How to use your company ‘bible’ to build a stronger company culture
You can spot the companies that have a well-defined company culture the minute you walk in the door. There is something about the way the restaurant’s staff interacts with customers and each other. Being able to spot culture and being able to define your pizzeria’s culture and cultivate it in your operation are two very different things.
Before you can train your staff to exemplify your company culture, you must be able to make your culture tangible. That begins with your employee handbook.
David Scott Peters, restaurant coach and founder of TheRestaurantExpert.com, pinpoints where to begin. “I can tell you exactly the one thing that’s critical to make that happen and that is that we as owners document our core values,” he says. “Core values are who you are as a person. They almost never change.
“If you really want to inject culture into your employee handbook, the key is listing and defining your core values so that your employees can make decisions based off of your core values and not their own.”
Restaurants owned by multiple owners face an even larger challenge when addressing core values. “We have to go through the process of finding your shared core values,” Peters says. “One of the challenges we have in the business is inconsistency in management enforcing rules. When two owners have two very different sets of core values, they come into the business with a different set of priorities. I walk people through a list of core value words and we find out what’s similar.”
You don’t have to write pages and pages of core values. Peters suggests: “I’d like anywhere from one word to seven words, but there is no wrong way. My personal opinion is (that) I like five words that are defined.”
Take Christal and Eric Spata, for instance. When they took over half-a-century-old Valeo’s Pizza in Kenosha, Wisconsin, they identified three areas as foundation of their business moving forward:
- Authentic unity. “We mean we want to know you as an individual and we don’t believe that you should leave your home life at home and your work life at work,” Christal says. “We believe in bringing the whole self to work. We tell people in the beginning it’s messy at times. Families fight, and then you make up but you have that underlining foundation of respect and trust. With that core value, we wanted people to be safe and know that we are not going to judge them for the one off or reprimand them for a one off. We’ll come along beside them and say ‘you are going through something, what is it? How can we help?’”

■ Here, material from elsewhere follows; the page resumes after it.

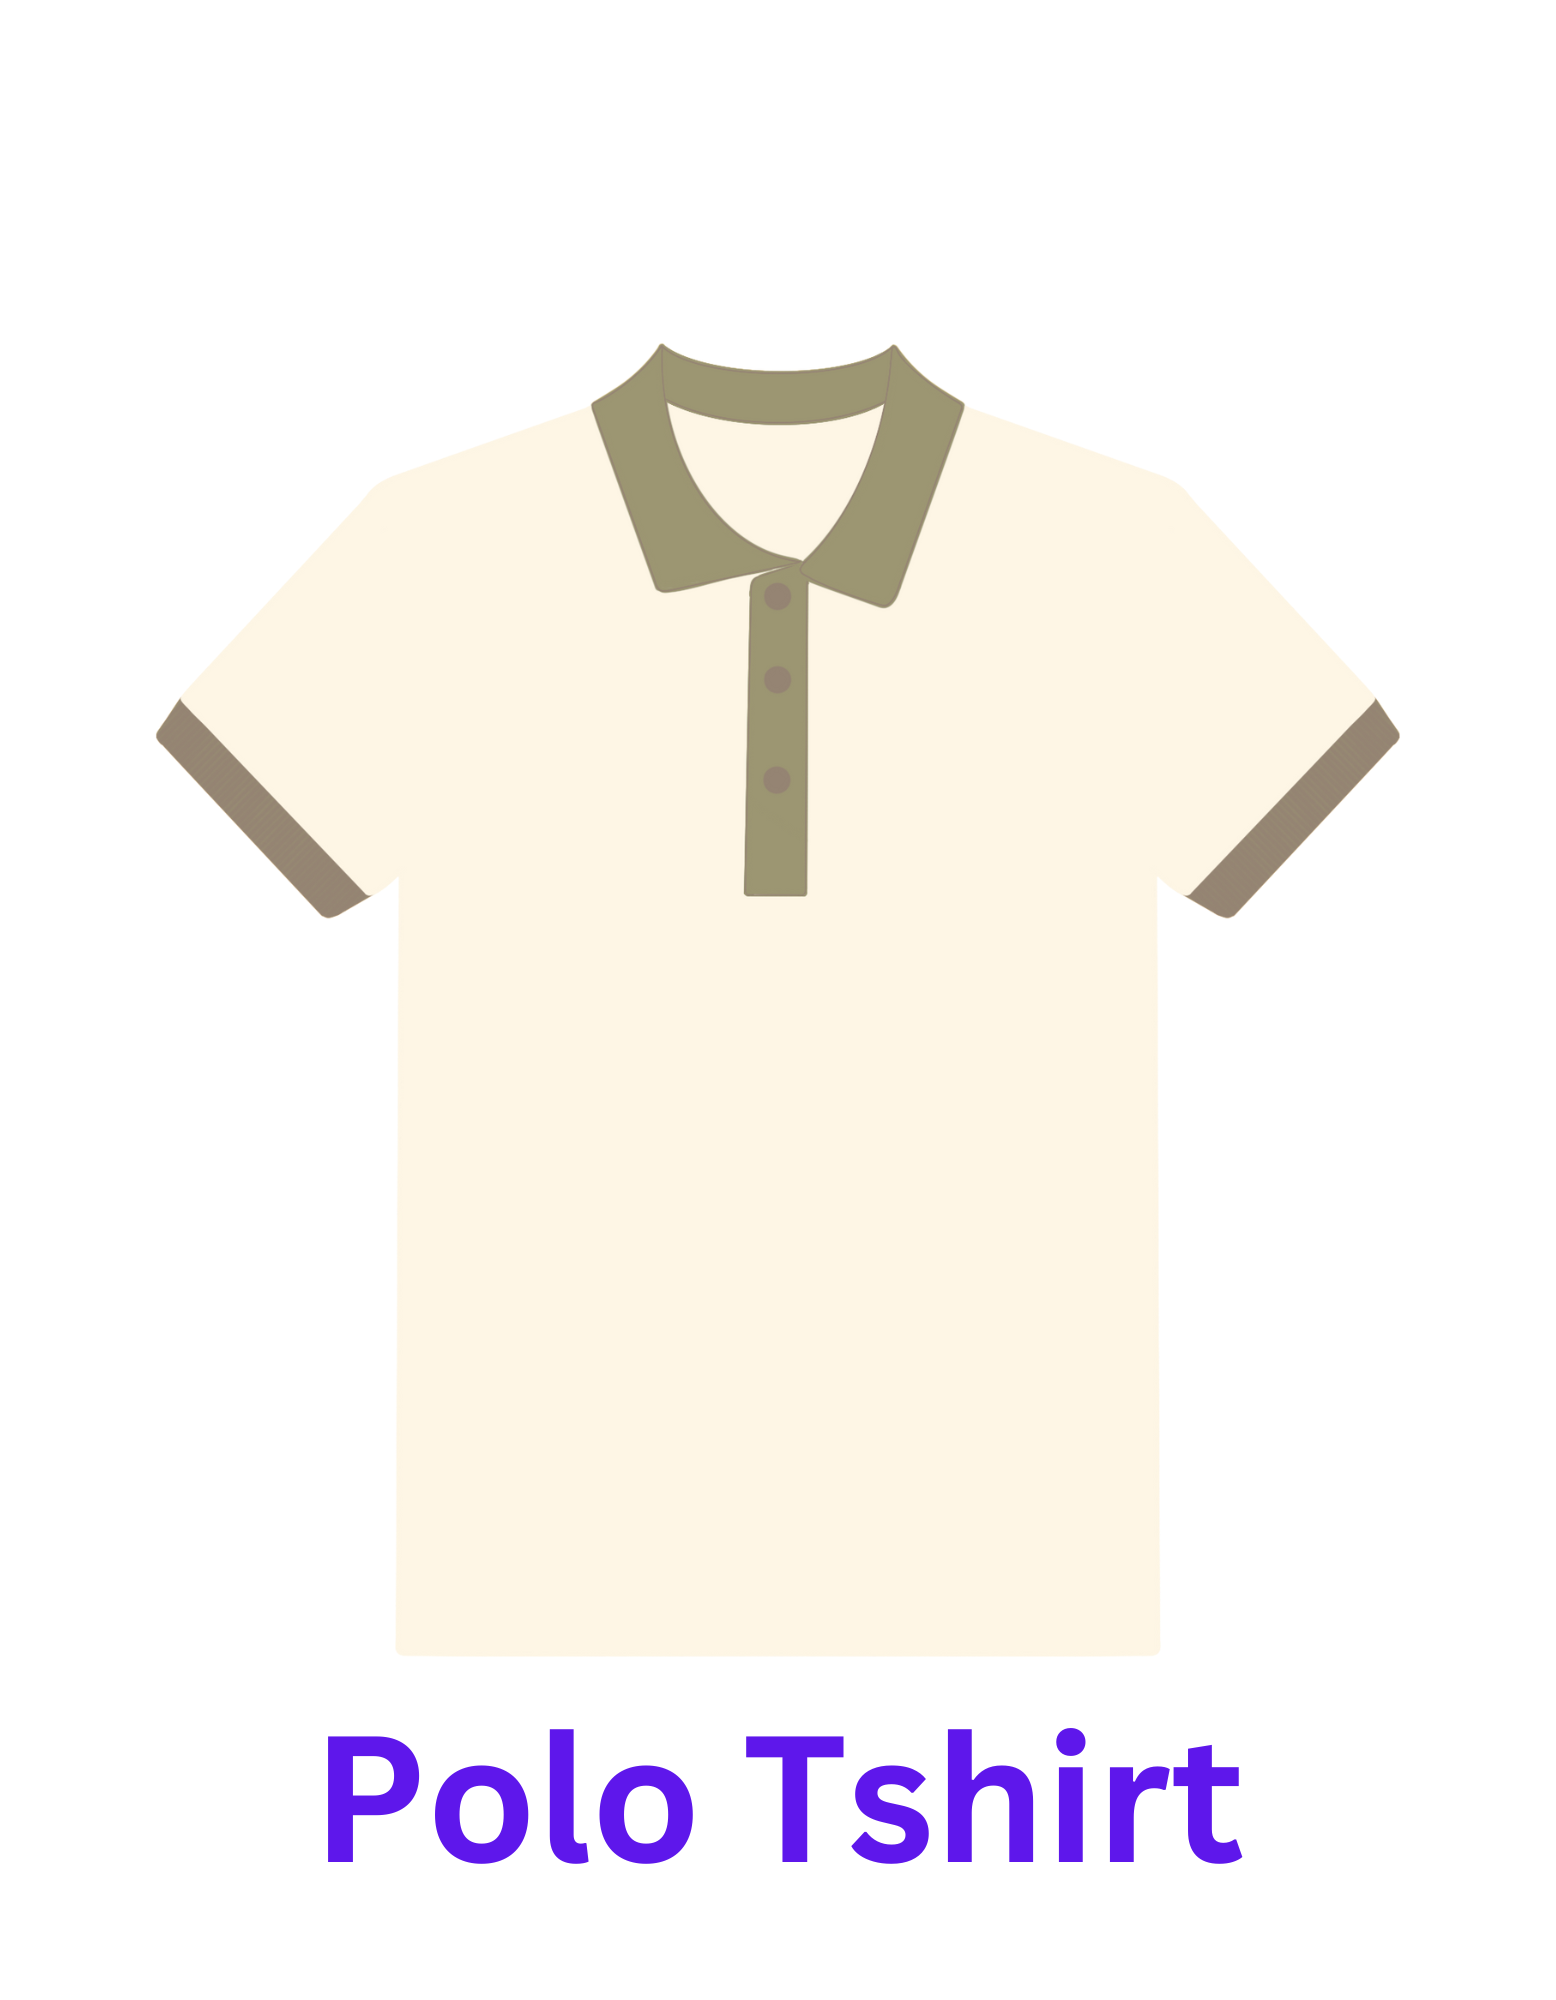 A white polo tshirt with a collared neckline, three-button placket, and short sleeves. The shirt is made of knitted cotton fabric and has a relaxed fit. It is styled with a small logo embroidered on the chest."

- Passionate service. “Because unfortunately people think either you have passion or you don’t,” Christal says. “We believe it’s learned, that there is a way to develop passion in everyone within every avenue. Then we frame everything.”
- Fanatical excellence. “It means that if we give our guest their food and we forget to give them 75-cent ranch sauce, we view that as stealing,” Christal says. “People work really, really hard for their money and we need to constantly provide more in value than we receive in payment. That’s where we pull portioning in. If you choose not to portion, you are choosing to steal from the team or the guest and we don’t steal. That’s not who we are.”

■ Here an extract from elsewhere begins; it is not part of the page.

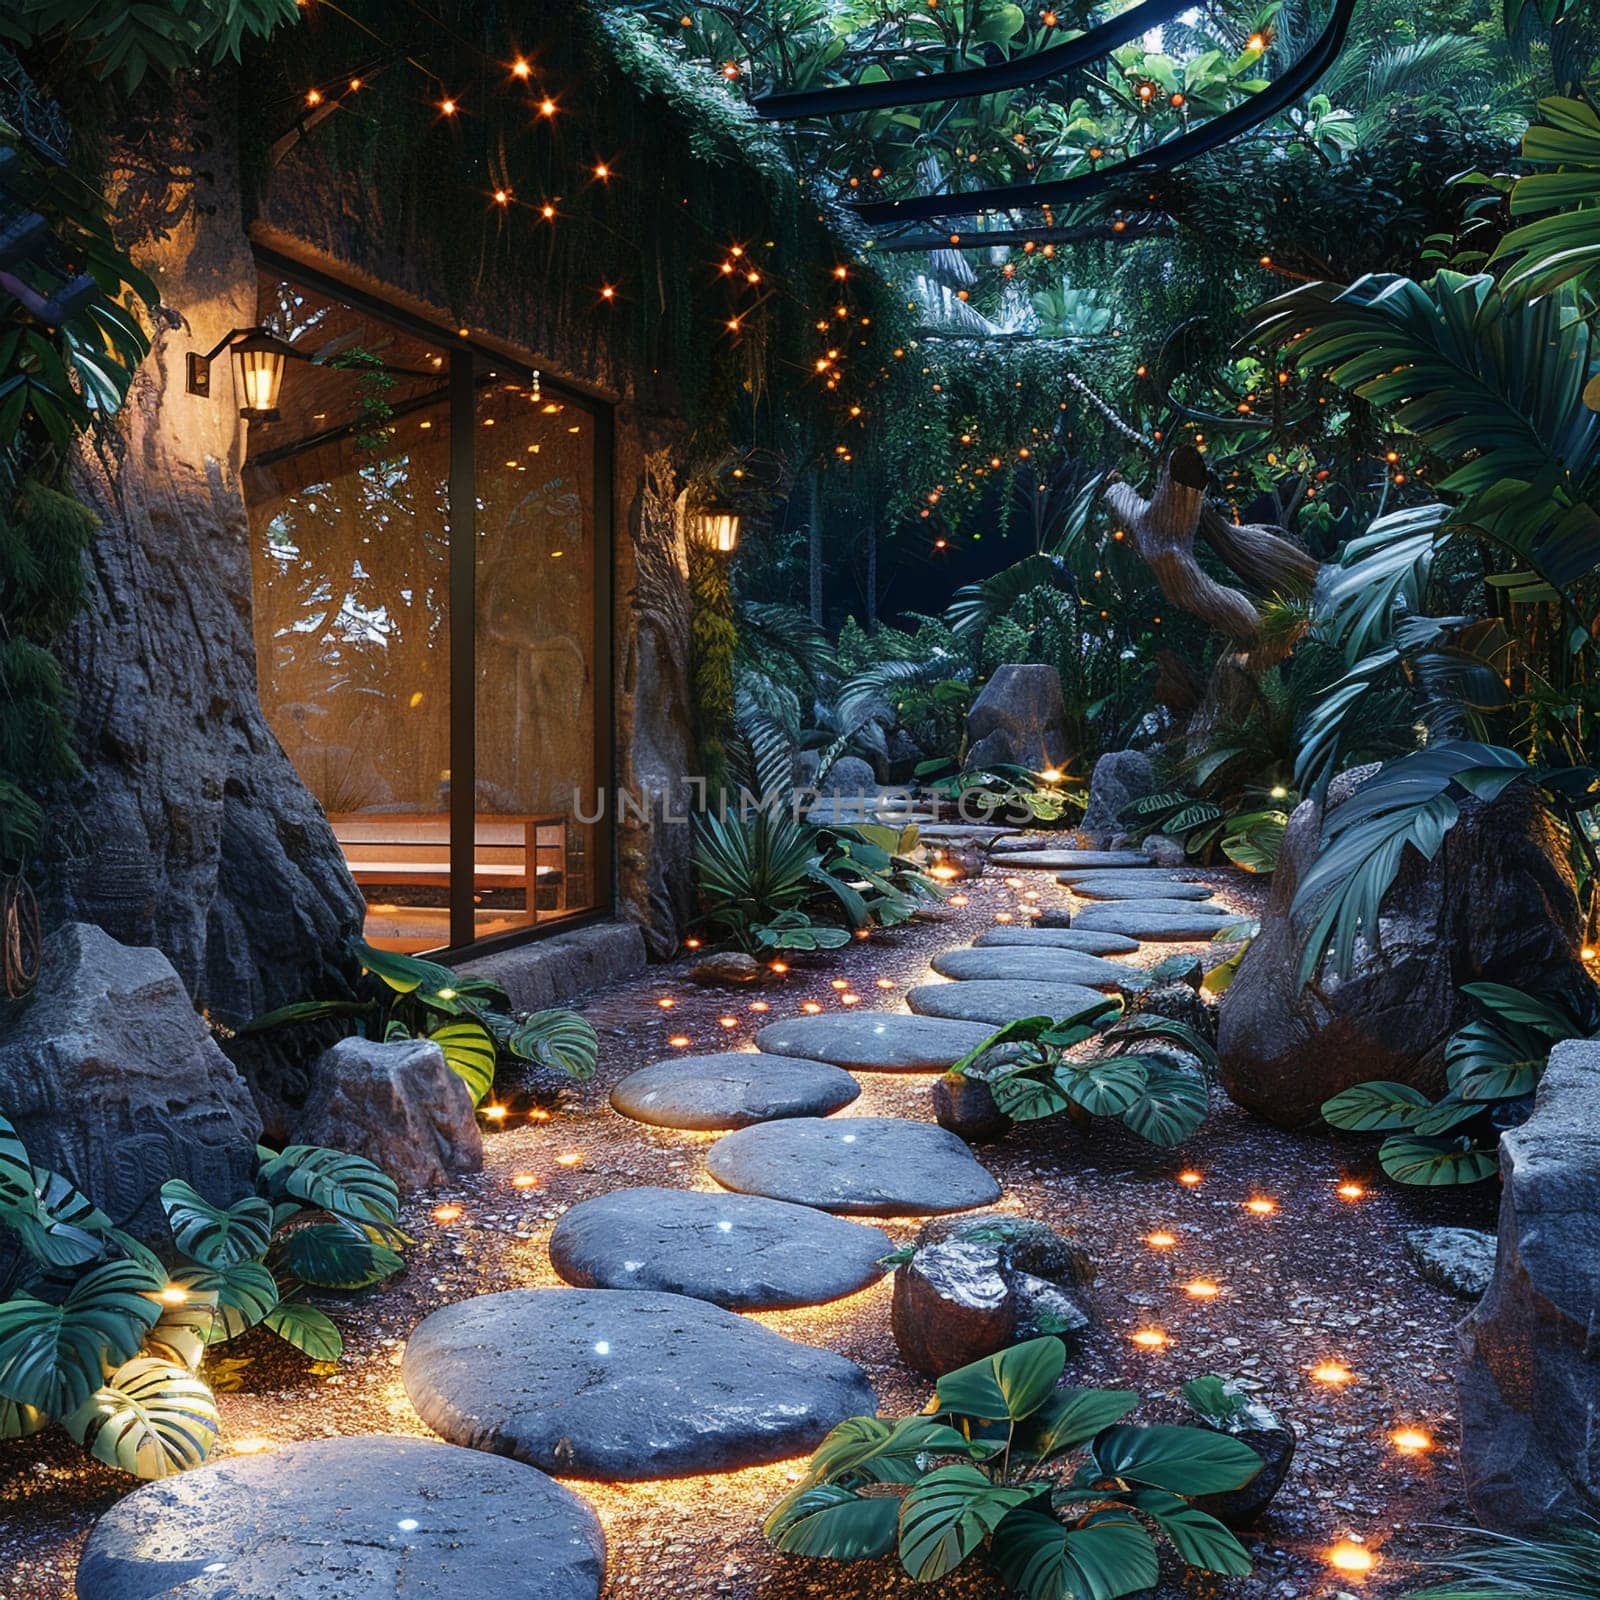 Moonlit garden with luminescent plants and a star-gazing area.

With its rapid growth of 18 stores and 12 opening soon, Southern California-based The Pizza Press is currently redefining its mission statement and values.
“We realized that we had relied on word of mouth and personal training to infuse that culture into each of the new locations and realized that that wasn’t enough because we really did want to be what we call ‘newsworthy,’” says Jennifer Moore, director of marketing at The Pizza Press. “We had to take a step back and really refine our mission statement so it creates newsworthy experiences to make people want to come back. (We) articulated our brand pillars which are: newsworthy service going above and beyond the standard customer service model; newsworthy product…finding great purveyors and offering a high-quality, consistent product; a newsworthy environment creating subtly themed experiential spaces; and ultimately — and this is the critical piece — is newsworthy people — from the franchisees, who we bring on as strategic partners, to our line-level employees. Without the newsworthy people, none of the other pillars can support the brand and make it distinguishable.”

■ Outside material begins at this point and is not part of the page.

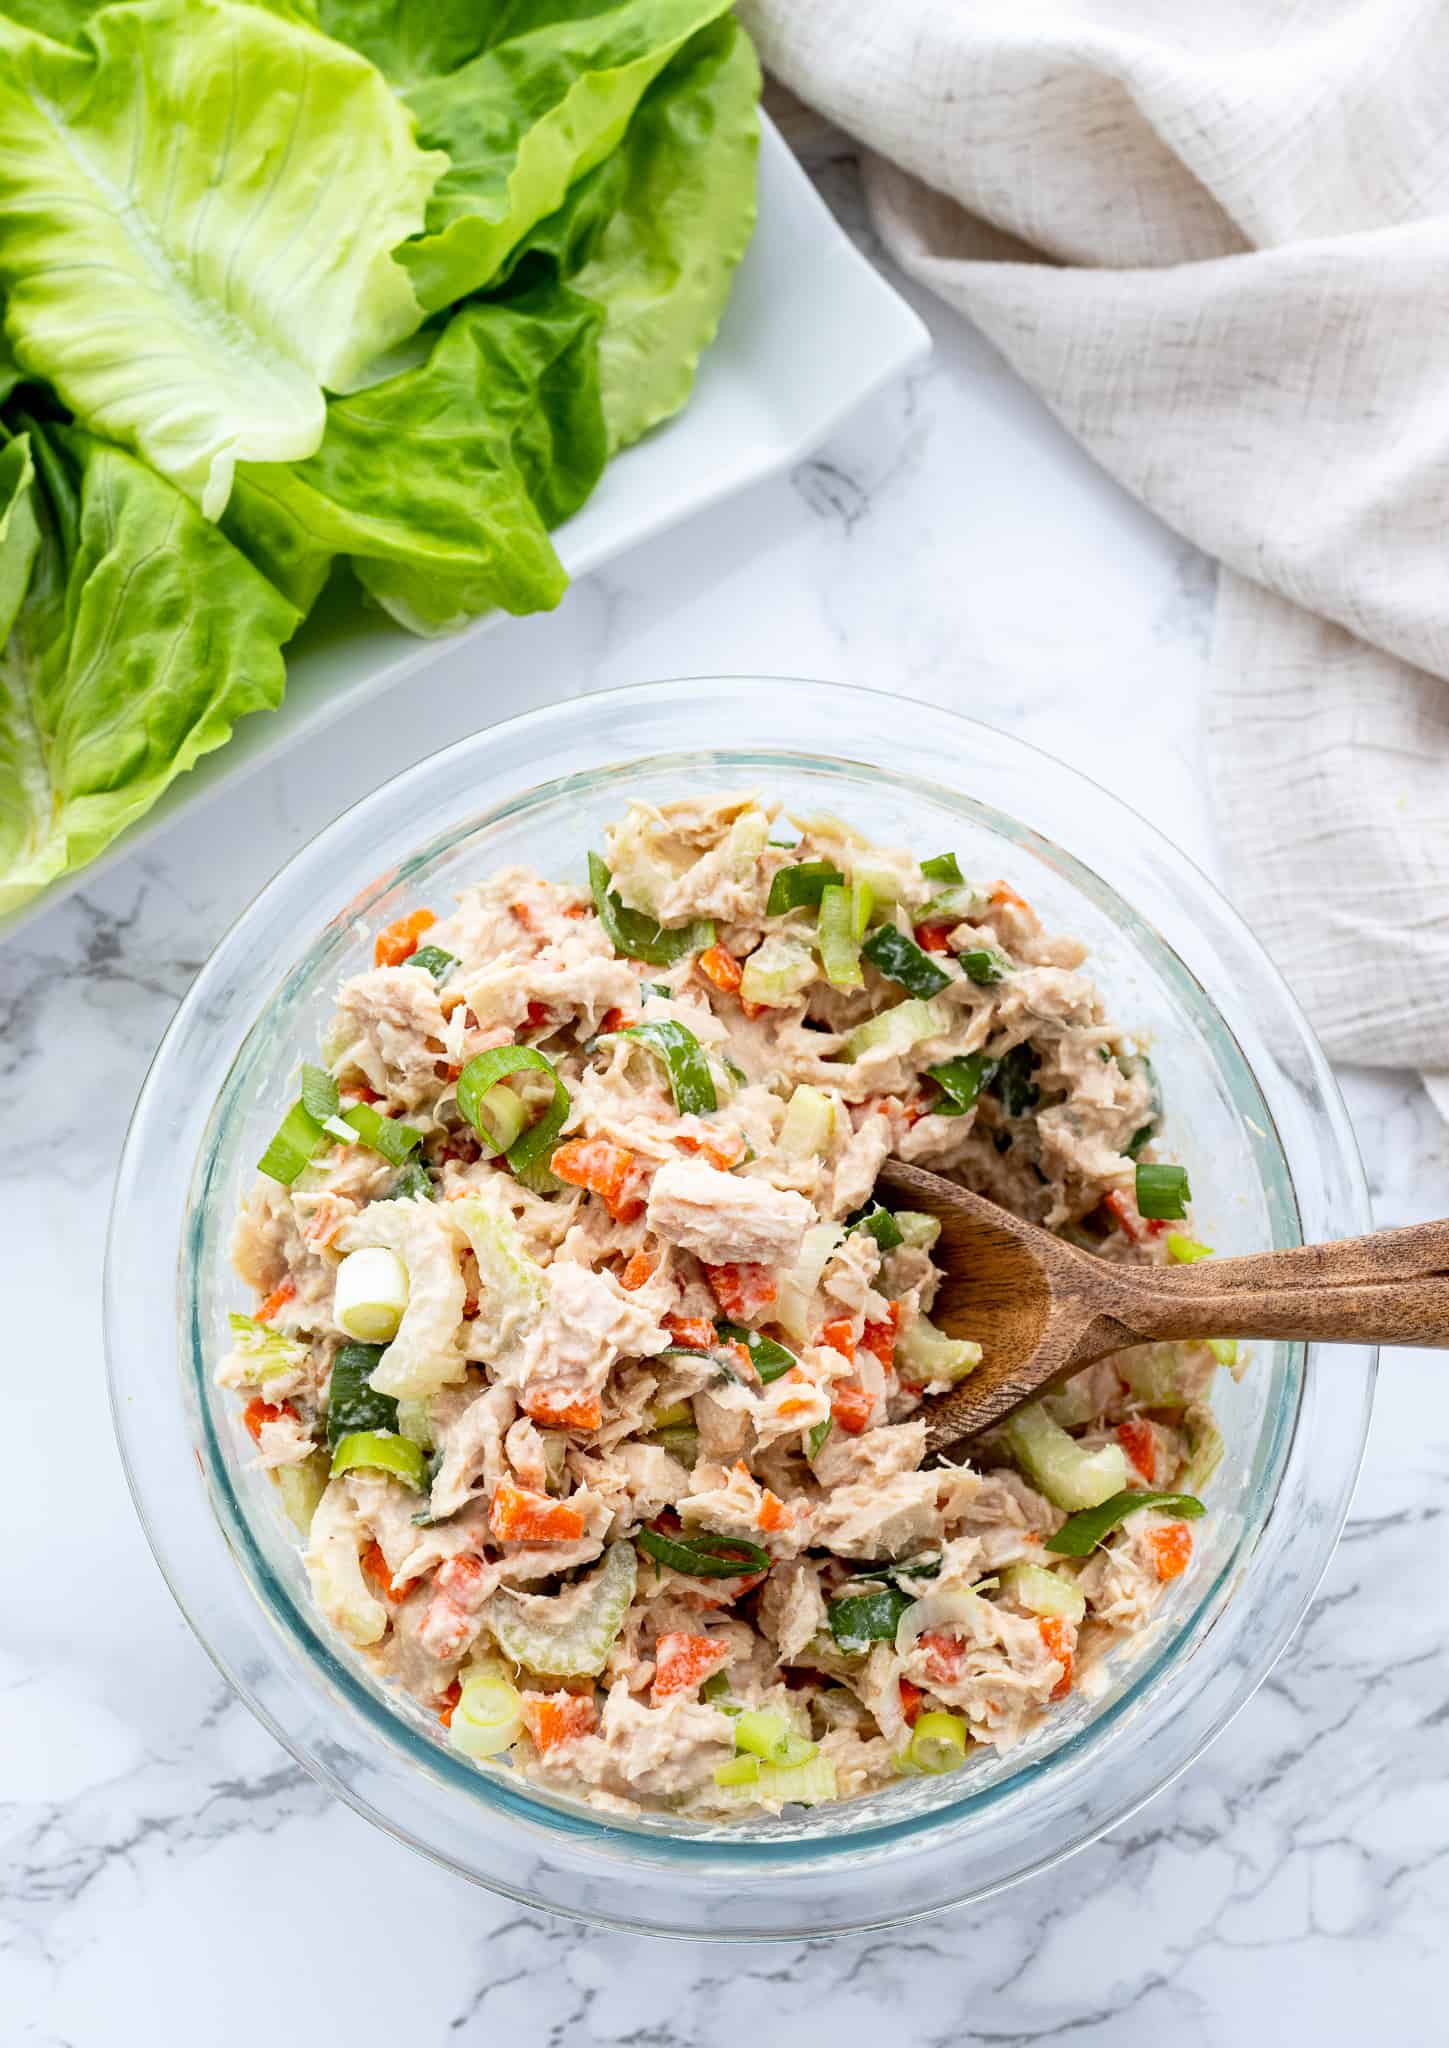 no-mayo tuna salad in bowl with lettuce wraps

The Pizza Press’ core values begin with its founder and CEO, Dara Maleki. The first page is a letter by Maleki emphasizing the pizza company’s core values.
Peters says core values are only the starting point. A few specific areas where an operator can instill its culture includes time and attendance, policies and procedures on sexual harassment and discipline. “The more clear we are in our policies and procedures, the easier it is then to manage your business,” Peters adds. “And this goes back to a phrase that people like to fight me on when they are independent restaurants and that is that employees hate rules. They love rules. What they hate is the inconsistency in management enforcing those rules. So that employee handbook is that first step of professionalism. It’s that first step of culture. It’s that first step on ‘here’s how we are going to manage this business’.”
Another area of the handbook that is relevant to creating culture is your history. “That might be the only other piece that can truly help instill culture in your handbook — knowing where you came from, where you are today and ultimately ‘Hey, everybody, we’re going in this direction,” Peters says.
Where your core values come into fruition is in your training program. “If we were to take a step out of the employee handbook and into the training systems, that’s where it really starts to define what hospitality means to you or two-minute check times or how you ask questions or how you want the guest handled if there’s a mistake,” Peters says. “So when we talk ‘employee handbook’ do know that that is only one piece of the whole training system and that’s where your core
values really start to show up is in your training.”
Denise Greer is associate editor at Pizza Today.